In our simple RAG feature we retrieved the Top 10 results. In my retrieval quality testing, this netted us solid retrieval benchmarks for the types of documents we’re searching (information security compliance documents), including an 80% hit rate.
Dense embeddings vector search - Top 10
Top K | Hit Rate | MRR | Precision | Recall | AP | NDCG |
10 | 80.6% | .464 | .081 | .81 | .46 | .55 |
Modern LLMs have no trouble quickly reading and digesting 10 500-word chunks. But humans do! We found our users did not engage with the citation feature because there was too much cognitive load. One of the main reasons why is that 10 citations is hard to read, digest, and keep in your head at once. It’s also a lot of work, and when your feature is trying to improve the user’s productivity then you need to streamline the task. It must be faster and easier than opening the source document directly.
For our next-gen version, we dial back the cognitive load and only show the user 3 shorter citations. This makes it a lot easier to accomplish the task, and quickly. We had one problem though--plain vector search wasn’t good enough! Our metrics dropped to an unacceptably low 58% hit rate at Top 3.

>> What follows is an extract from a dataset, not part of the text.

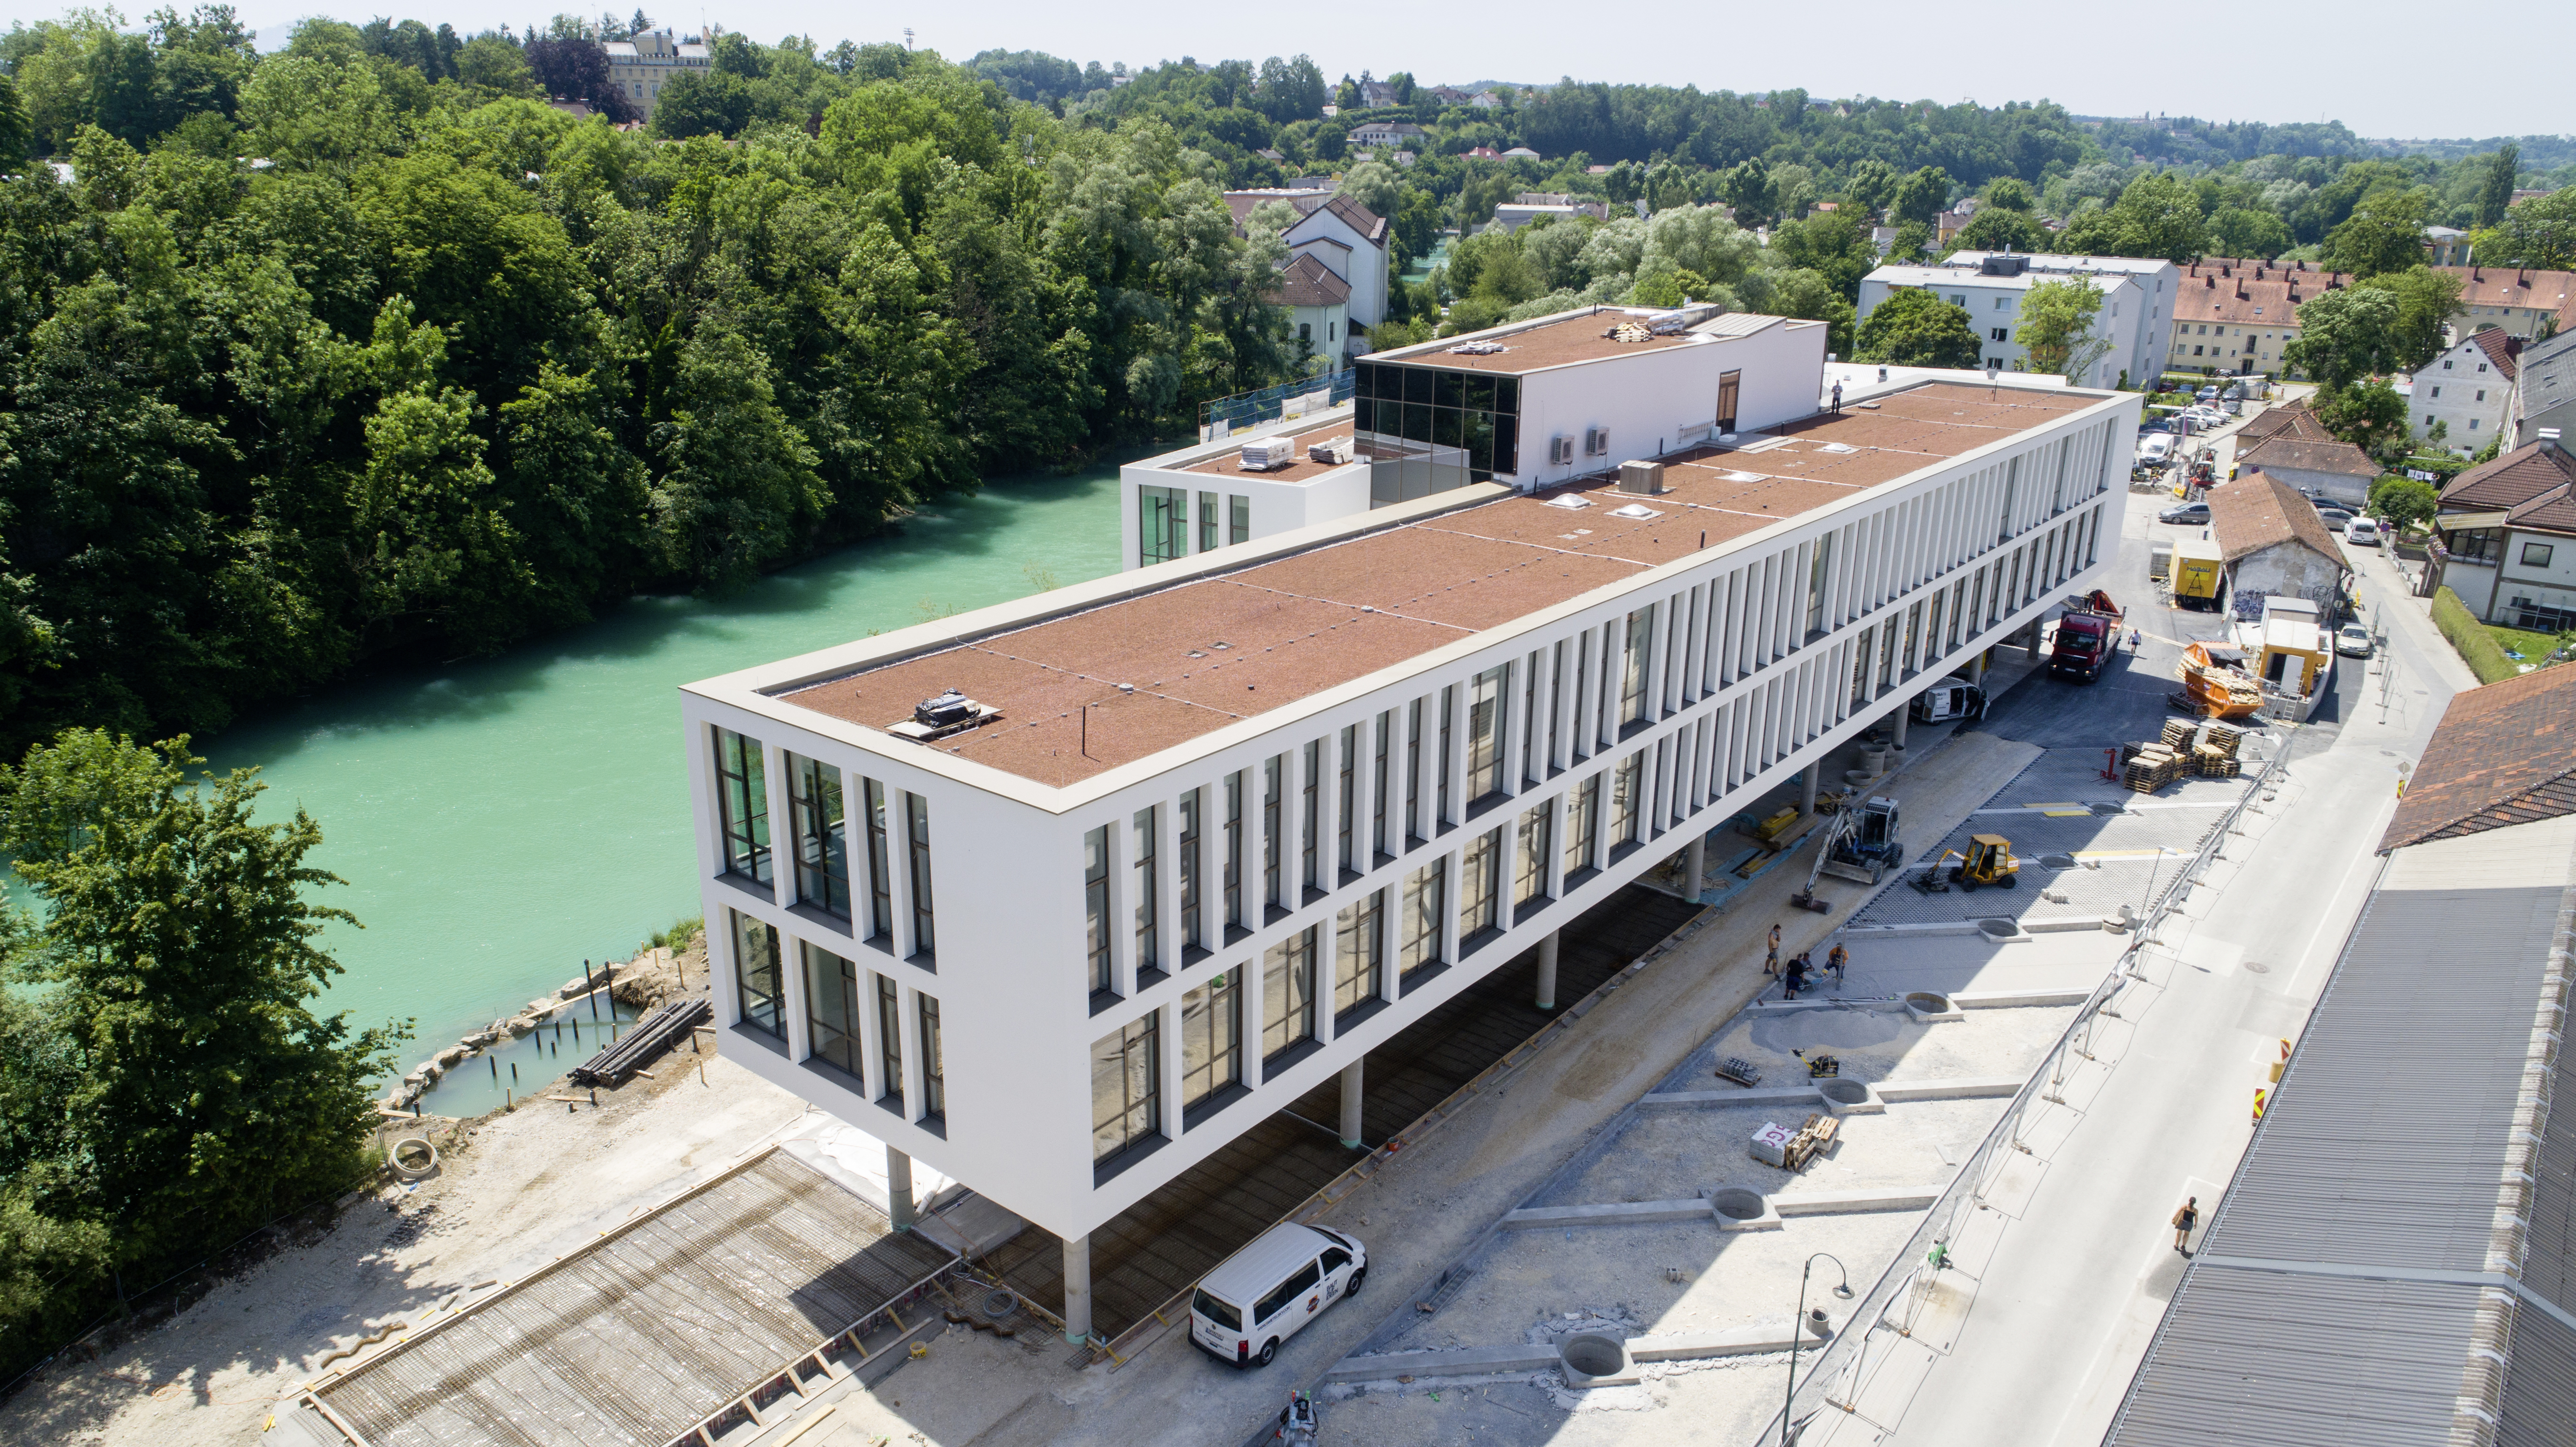 Campusgebäude der Fachhochschule, Steyr - Bygningskonstruksjon

Dense embeddings vector search - Top 3
Top K | Hit Rate | MRR | Precision | Recall | AP | NDCG |
3 | 58% | .44 | .013 | .67 | .44 | .50 |
And here’s where Rerankers come back in. With nothing else changed, using the same test documents, simply adding Cohere’s Reranker 3.5 via AWS Bedrock resulted in an absolutely massive jump in performance. Our hit rate went up 32 points to 90%, and our NDCG went up nearly 35 points to .82.
25 embeddings reranked with Cohere Reranker v3.5 - Top 3
Top N | Hit Rate | MRR | Precision | Recall | AP | NDCG |
3 | 91% | .79 | .30 | .91 | .79 | .82 |
Bottom line: without the Reranker, our retrieval (and therefore accuracy) wouldn’t be good enough to enable our improved user experience.
Take a closer look at your RAG chatbot or Agentic AI system and you might find the same!